III. A - MATERIAIS PARA A AULA 
▪ Padrão: ácido salicílico 0,5% 
▪ Urina: pura e urina contaminada com ácido salicílico. 
▪ Agente cromogênico: Solução de cloreto férrico (FeCl3) 5% 
▪ Solvente orgânico: Éter:clorofórmio (1:3) 
▪ Sistema solvente: Cuba ácida: clorofórmio:acetona (9:1) 
 
IV - EQUIPAMENTOS 
▪ Funil de separação (125 mL) 
▪ Bastão de vidro 
▪ Funil de vidro capacidade 100 mL 
▪ Béquer 100 mL 
▪ Cálice 25 mL 
▪ Papel Universal pH 
▪ placas cromatográficas de sílica gel (0,25 mm de espessura) 
▪ Capilar de vidro para aplicação em cromatografia 
▪ Cubas de vidro 
▪ Nebulizadores 
 
V . PROCEDIMENTO 
 
A. PADRONIZAÇÃO DO ÁCIDO SALICÍLICO (0,5%) 
1. Em balão volumétrico de 25 mL, preparar a amostra padrão de ácido salicílico 0,5%. 
(PROCEDIMENTO JÁ REALIZADO PELO LABORATÓRIO) 
 
B. EXTRAÇÃO DE ÁCIDO SALÍCILICO EM AMOSTRAS BIOLÓGICAS (URINA) 
 
1. Observar o frasco/coletor contendo a amostra identificada como Urina 1 
 
• O laboratório deixará um frasco com urina + AAS (contaminar a urina) em cada bancada (9 
frascos no total). 
• O laboratório deixará um frasco com urina sem AAS (padrão) para o professor (1 frasco no 
total) 
 
2. Ler o pH da amostra 
 
3. Ajustar o pH entre 4,0 e 5,0 por meio de solução de H2SO4 1% (SOLUÇÃO JÁ FEITA PELO 
LABORATÓRIO) 
. 
 
4. Medir 10 mL da amostra em um cálice e colocá-la em funil de separação (125 mL), já fixado em 
suporte universal e identificado como o nome da amostra. 
 
5. Com uma proveta, medir 20 mL do solvente orgânico composto pela mistura clorofórmio:éter (3:1), 
agitando vigorosamente o funil por 1 minuto. (PROCEDIMENTO JÁ REALIZADO PELO 
LABORATÓRIO) 
 
▪ Verter a mistura no funil de separação, já contendo a amostra (urina) a ser analisada. 
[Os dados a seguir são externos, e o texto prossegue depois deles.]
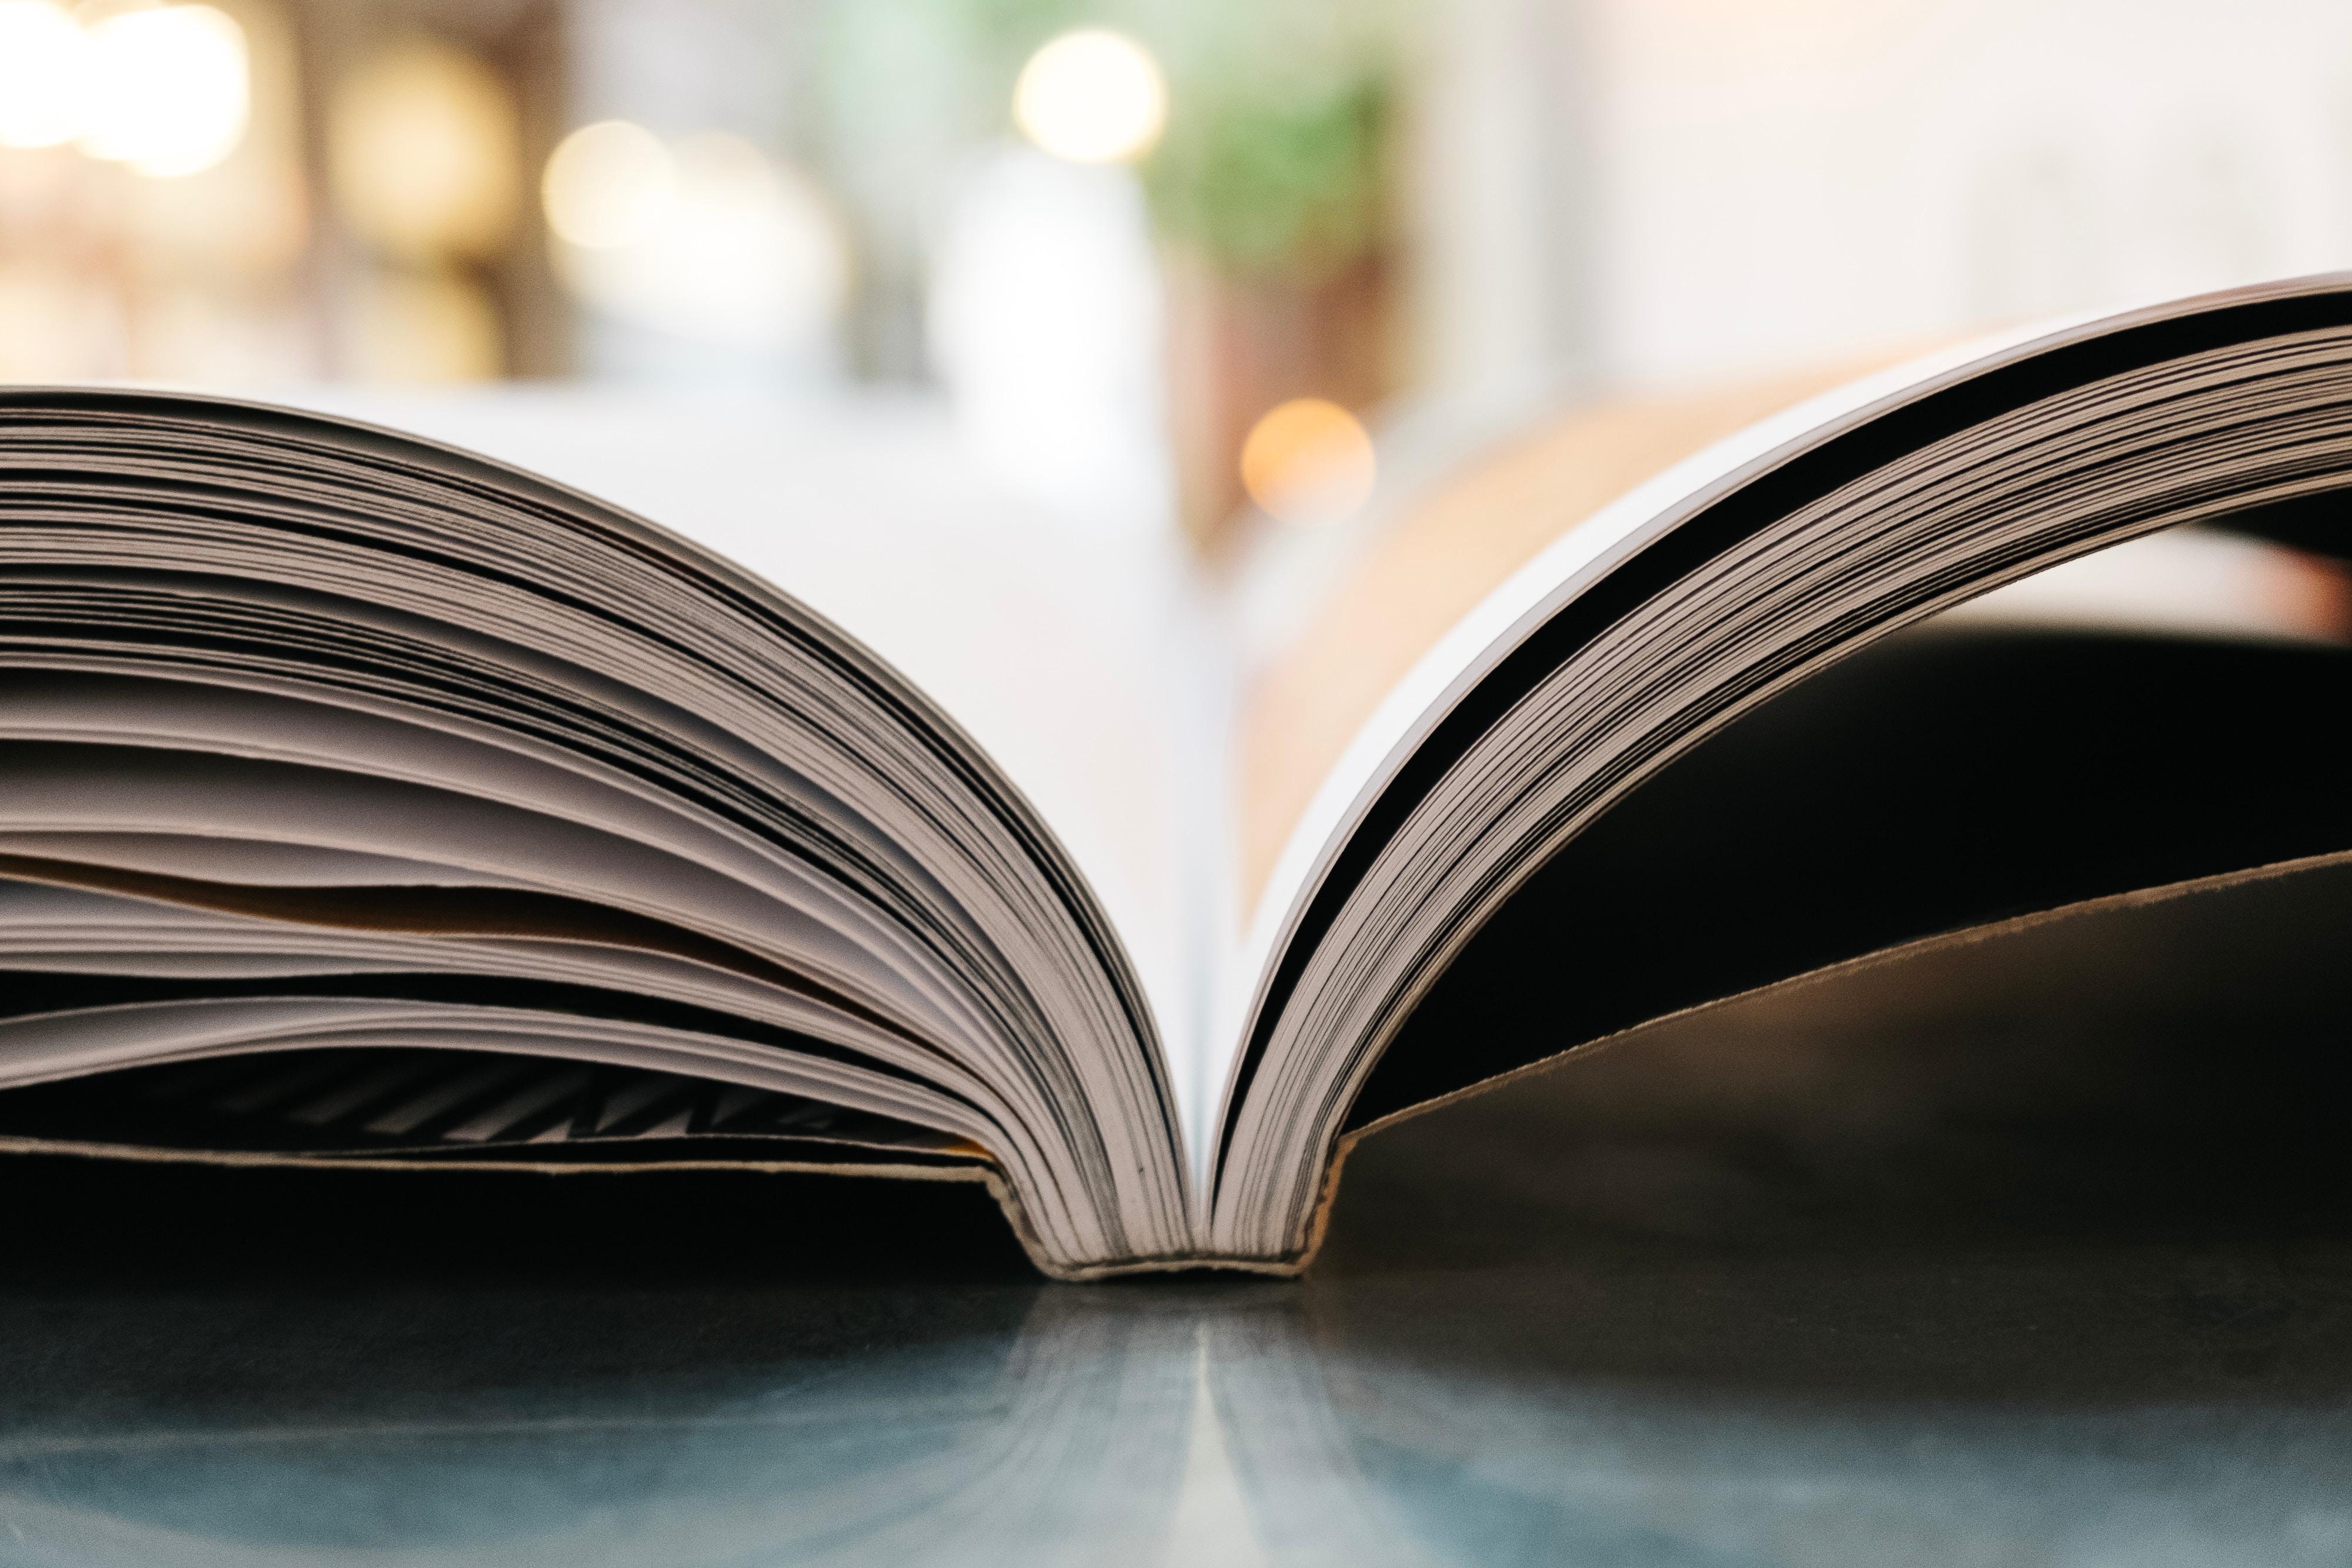 Jakie są zalety czytania książek

▪ Agitar vigorosamente o funil por 1 minuto. Para isso inverter o funil de separação e abrir sua 
torneira para sair o gás formado durante o momento da agitação. 
 
6. Colocar o funil de separação em suporte universal e deixá-lo em repouso por 2 minutos para a 
separação das fases.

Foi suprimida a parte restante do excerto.